Metric Blocking gate Why
Faithfulness score ≥ 0.85 Below this, context violations leak into answers; tighter gates drown in judge noise
Answer relevancy ≥ 0.80 Relevance judges confuse topicality with correctness; triage misses manually
Context precision ≥ 0.70 Hardest metric to disambiguate; aggressive gates create false alarms
Context recall ≥ 0.75 Ground-truth context is itself noisy
Hallucination ≤ 0.10 Same signal as faithfulness, inverted
Tool-selection accuracy ≥ 0.95 Deterministic check, so a high bar is fair
Outcome correctness ≥ 0.85 The gate that matters most

Three patterns make these gates trustworthy. Run nondeterministic metrics (faithfulness, relevancy, hallucination) three times and average; a single-trial 0.87 is not a signal. Add a warning gate 0.05 above each blocking gate that comments on the PR without blocking it.

And for high-stakes systems, run two judges from different families and fail the build if they disagree by more than 0.10 on any metric. That last pattern is your tripwire for self-preference inflation.

The uncomfortable part: your golden evaluation dataset matters more

Here's the honest caveat to this whole comparison. Every framework above runs a judge over your data, and the judge is only as informative as the golden evaluation dataset it scores. Thirty unrepresentative questions written by one engineer in an afternoon will produce confident-looking numbers about the dataset, not the system.

The practitioner consensus, and we agree with it, is that golden-dataset curation consumes more engineering time than the framework, and switching frameworks is cheap relative to rebuilding a representative test set. There's a sharper version of this position too: a hand-rolled pytest harness with a thin judge wrapper gives small teams most of the value at a fraction of the maintenance cost.

That's a community argument from collective experience, not a controlled study. But it should be on the table before you commit.

What this means for you

Start with the decision, not the framework. If you need agent metrics and CI gates working this week, DeepEval is the shortest path: pytest plugin, packagedToolCorrectness, built-in position-swap mitigation. If you live in the RAG-metric vocabulary and want pure open source, RAGAS is the standard. If you need to instrument and score every individual step of a complex agent, TruLens is the right substrate, and you'll write more glue.

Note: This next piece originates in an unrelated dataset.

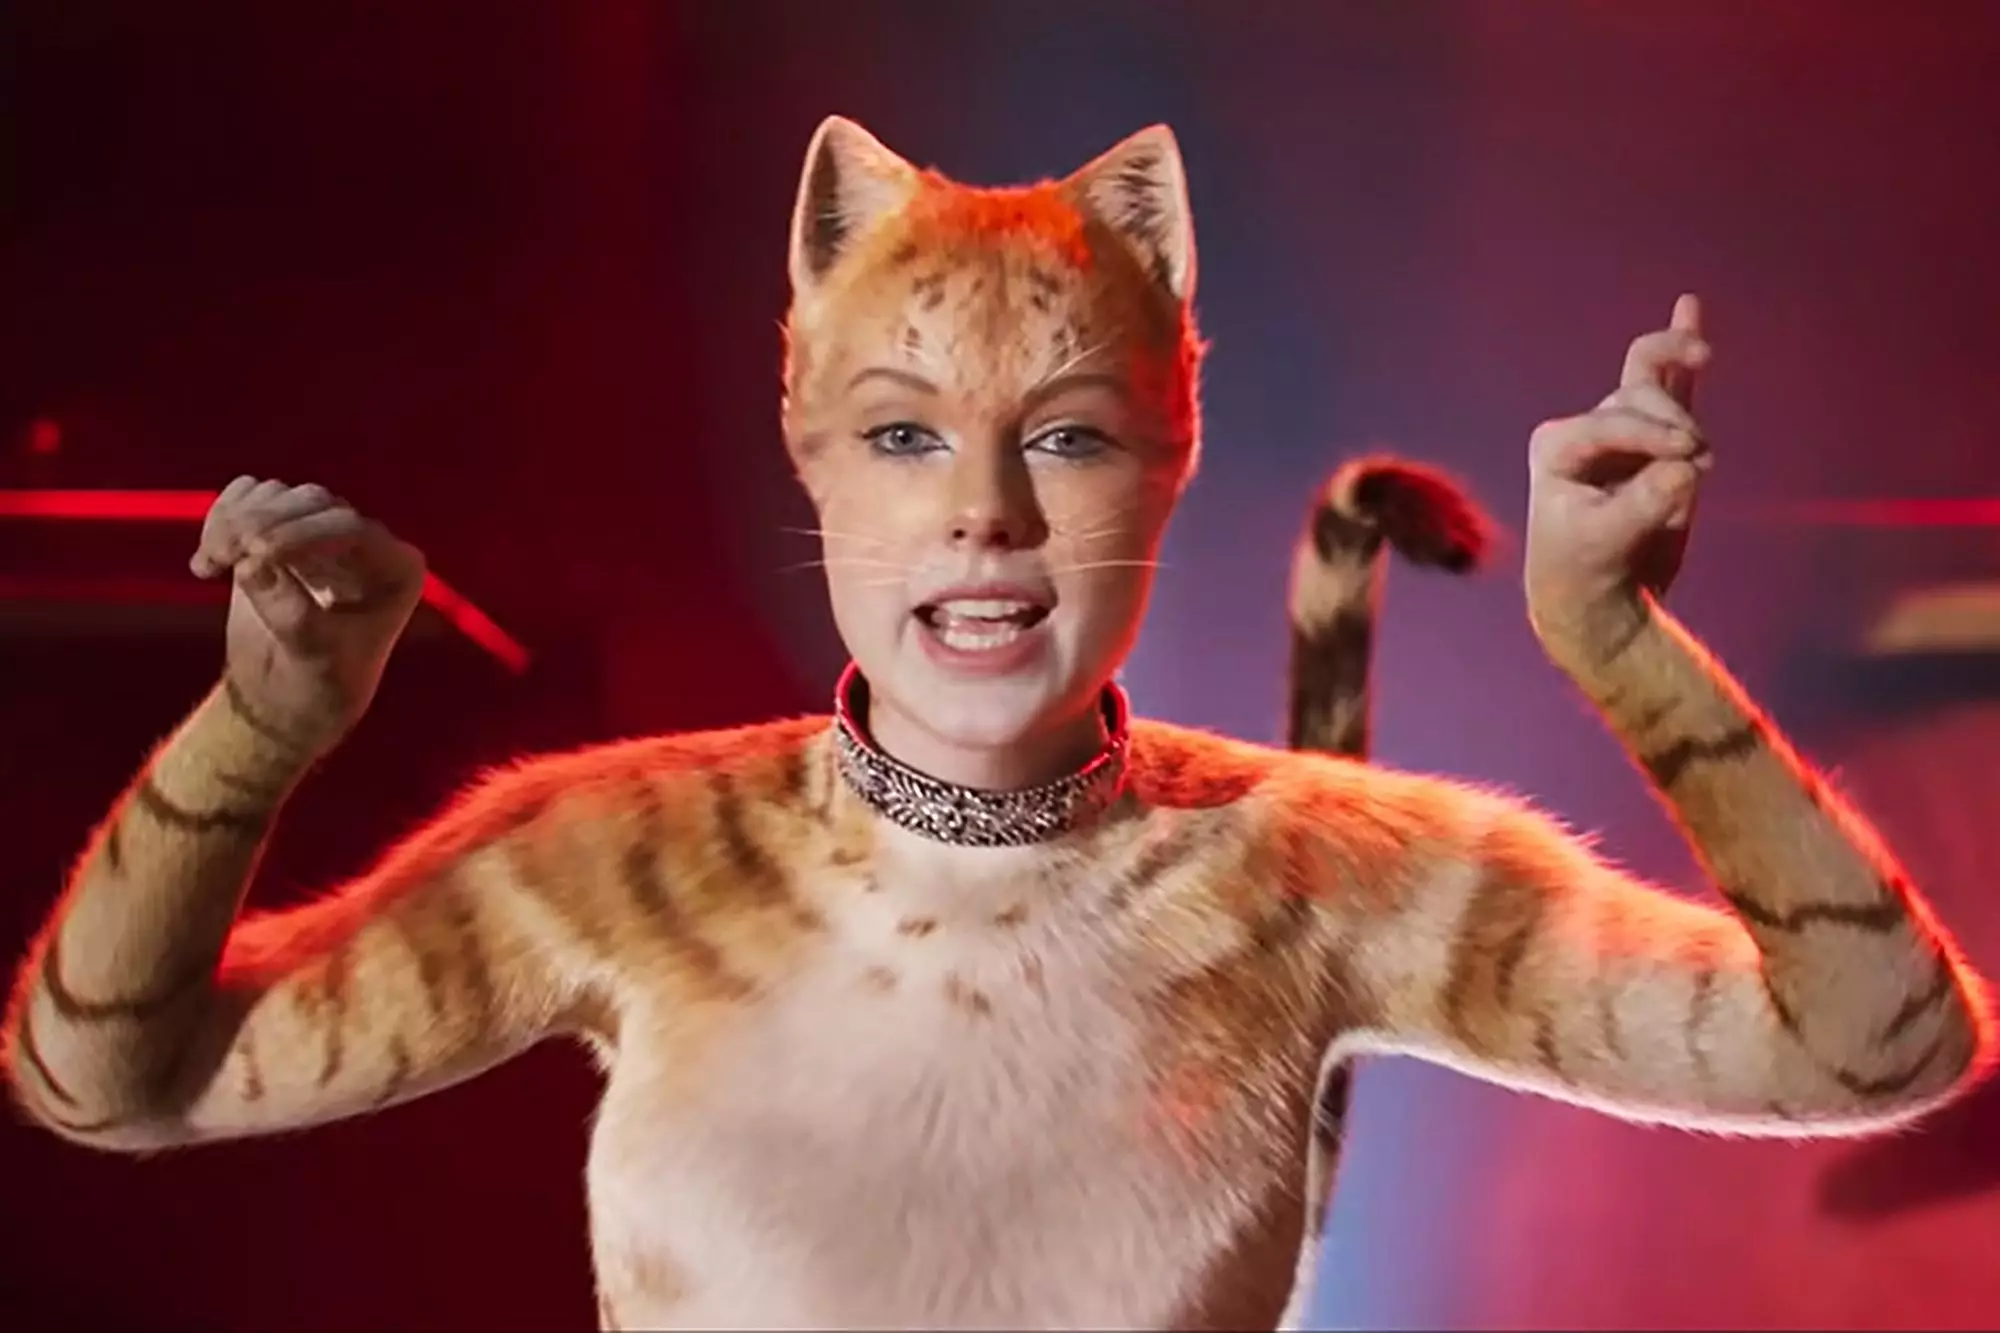 Seth Rogen watched Cats while high and live-tweeted the experience.

Then do the three things that matter more than the choice: build a representative golden dataset with retrieval-only, tool-only, and mixed cases; put a different model family on the judge's bench than the generator's; and set gates at 0.85, not 0.95. Our harness is above.

Swap in your agent, run all three, and trust the comparison only where they agree.

Sources

Frequently asked questions

Which is better for agent evaluation: RAGAS, TruLens, or DeepEval?

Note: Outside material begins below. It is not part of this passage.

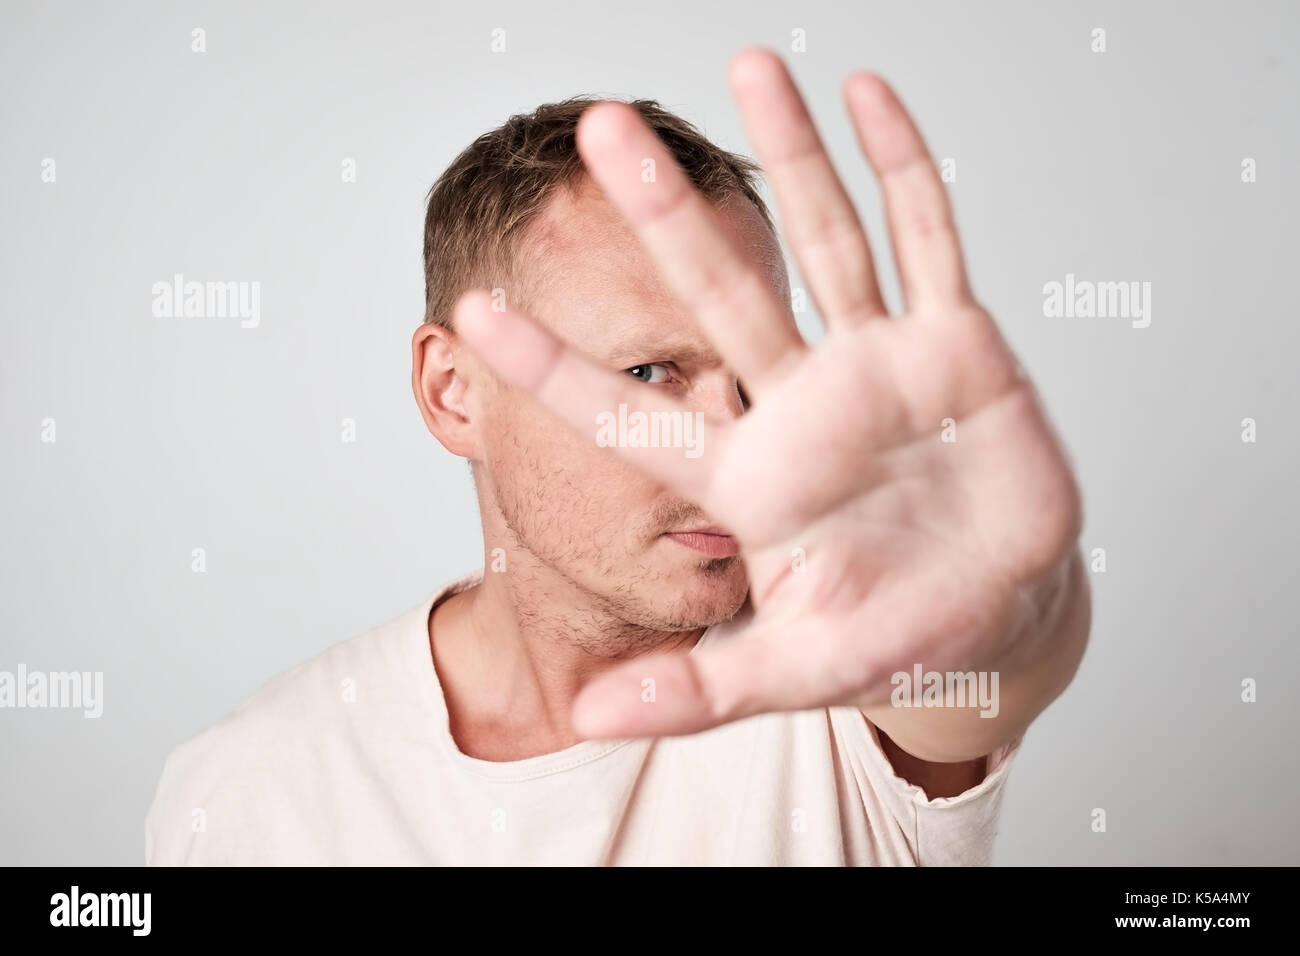 Young Caucasian man hiding his face with hand Stock Photo

DeepEval has the most complete packaged agent metrics (ToolCorrectness, PlanAdherence, PlanQuality) and first-party pytest CI support. RAGAS covers tool calls with ToolCallAccuracy and AgentGoalAccuracy but relies on community CI integrations. TruLens can score anything via per-step Feedback functions, but you assemble trajectory scoring yourself.

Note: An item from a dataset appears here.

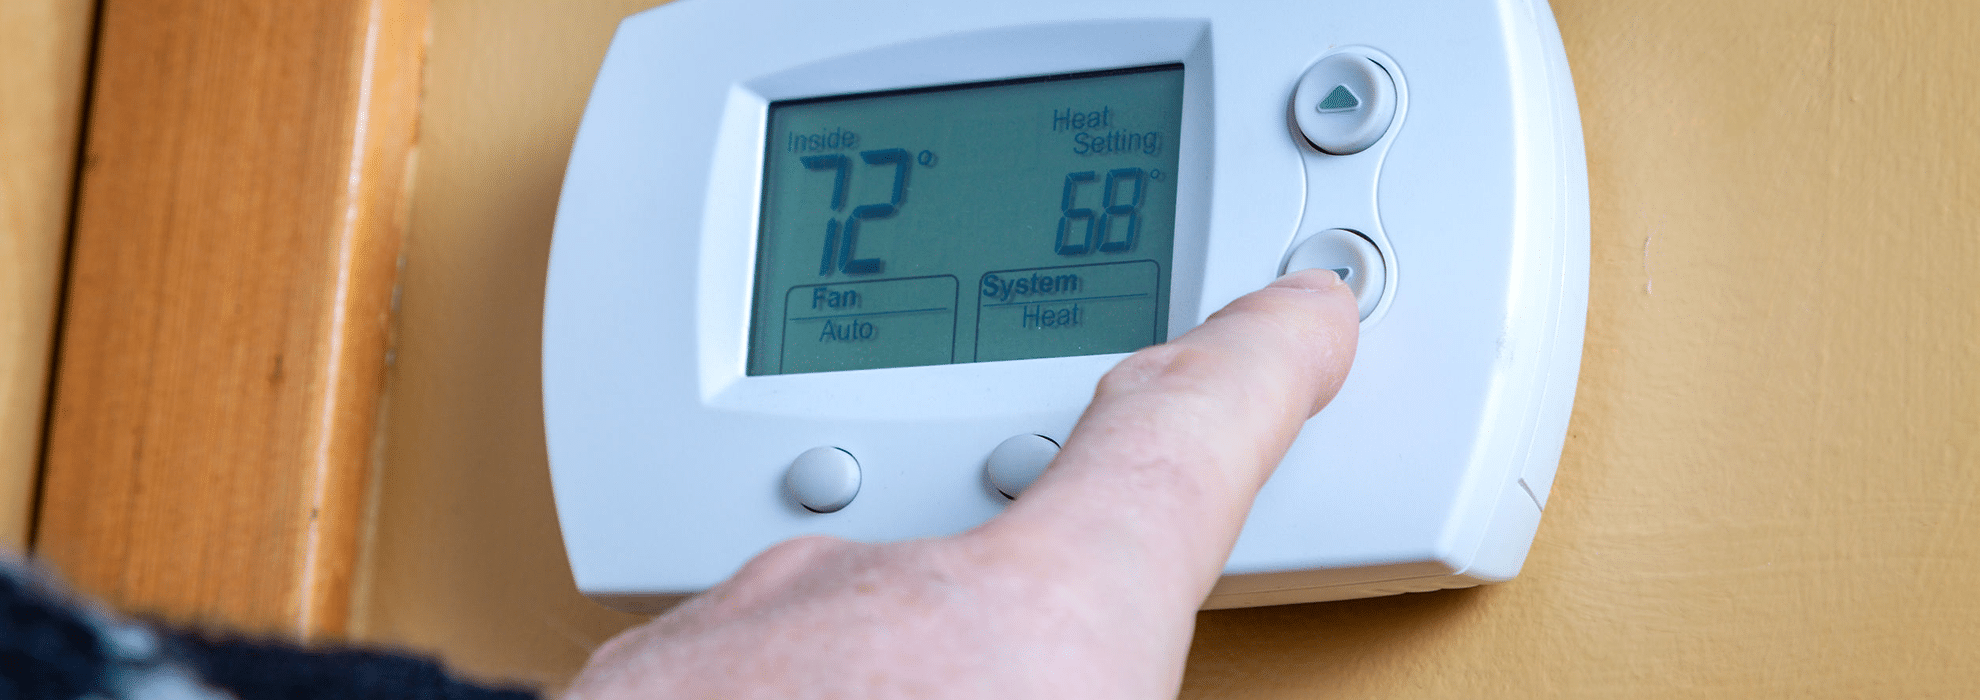 On vs. Auto: Which Thermostat Setting Is Better? - Pasco, WA

Why do RAGAS, TruLens, and DeepEval give different scores on the same trace?

Each framework defines 'correct tool call' differently. DeepEval checks tool name and argument equality, RAGAS matches more permissively on the canonical tool name, and TruLens only scores tools you explicitly wrap in a Feedback. The same multi-tool trace can land at 0.7, 0.8, and 0.9 without any framework being wrong.

What faithfulness score should gate a CI/CD pipeline?

A blocking gate of 0.85 average faithfulness is a sensible default. Judge models can drift around 0.05 between adjacent versions, so a stricter 0.95 gate mostly measures judge noise. Run nondeterministic metrics three times and average, and add a warning gate 0.05 above the blocking gate.

Is LLM-as-a-judge reliable enough for automated evaluation gates?

Yes, with mitigations. Zheng et al. (2023) showed GPT-4-class judges exceed 80% agreement with human preferences but exhibit position, verbosity, and self-preference biases. Position-swap the candidates, use a judge from a different model family than your generator, and average multiple trials before trusting a number.